Guest Column | Travis Ellinger

Why the 125-piece study provides improved accuracy and reliability in decision making. 

Capability Study Showdown:
30-Piece vs. 125-Piece Explained 

Travis Ellinger

In the world of manufacturing and quality engineering, process capability studies are important tools used to determine whether a process can produce parts within specification limits consistently. Two common approaches when analyzing process capability include a 30-piece study and a more comprehensive 125-piece study. Both studies serve the same basic purpose, but they differ significantly in methodology, statistical power, and scope. 

In this article, we will explore the background of each study type, and decision-making criteria for selecting the appropriate method. We will also look at why the 125-piece study provides improved accuracy and reliability in decision making. 

Background and Purpose of Capability Studies 

Process capability studies evaluate how well a manufacturing process meets specification limits by comparing the variability of the process output with design tolerances. Capability studies are typically performed using one of two statistics: 

  • Cp/Cpk (Process Capability Index): Measures how centered and consistent the process is within the specification limits. 
  • Pp/Ppk (Performance Capability Index): Similar to Cp/Cpk but includes long-term variation. This is useful for initial process evaluation. 

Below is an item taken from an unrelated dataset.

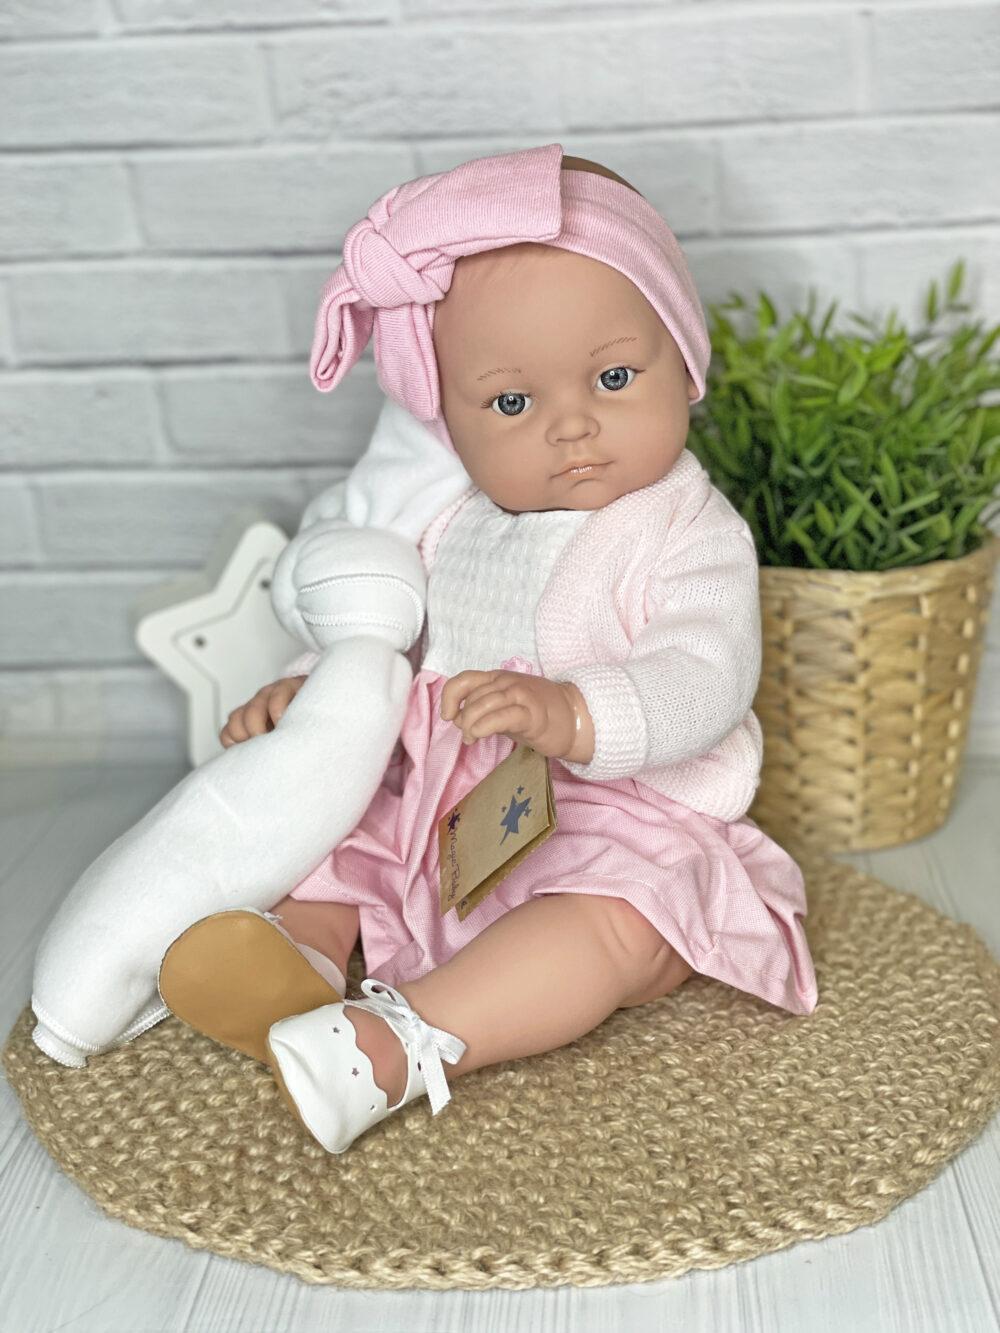 Кукла Алисия в розовом костюме

The goals of capability studies include: 

  • Verify that a process is stable and under statistical control. 
  • Assess whether a process can reliably produce parts within specification limits. 
  • Provide a statistical basis for continuous improvement or redesign. 

30-Piece Capability Study: A Common Starting Point 

The 30-piece capability study is widely used, especially early in the developmental stages or setup. It involves measuring 30 consecutive parts from a stable process and calculating basic statistics such as mean, range, and standard deviation. This is most often used when: 

  • Time or resources are limited. 
  • A rapid assessment of capability is needed. 
  • The process is in its early development stages and under close monitoring. 

Advantages: 

  • Quick and cost-effective. 
  • Requires minimal sampling effort. 
  • Sufficient for preliminary or short-run validation. 

Limitations: 

  • Small sample size reduces statistical confidence. 
  • Limited ability to detect variation trends (e.g., shift, drift, special causes). 
  • Poor representation of long-term performance. 

125-Piece Capability Study: 25 Subgroups of 5 

A 125-piece capability study using 25 subgroups of 5 provides more accurate statistical insight. Each subgroup of 5 parts is collected over time (e.g., every hour, shift, or lot), capturing the process’s natural variation more effectively. 

Advantages: 

  • Higher statistical confidence due to increased sample size. 
  • Subgrouping allows for calculation of within-group and between-group variation. 
  • Enables more accurate estimates of process standard deviation. 
  • More reliable detection of special cause variation. 

Limitations: 

  • More time-consuming and resource-intensive. 
  • Requires a stable process over a longer period of time. 
  • May be excessive for short-run or low-risk parts. 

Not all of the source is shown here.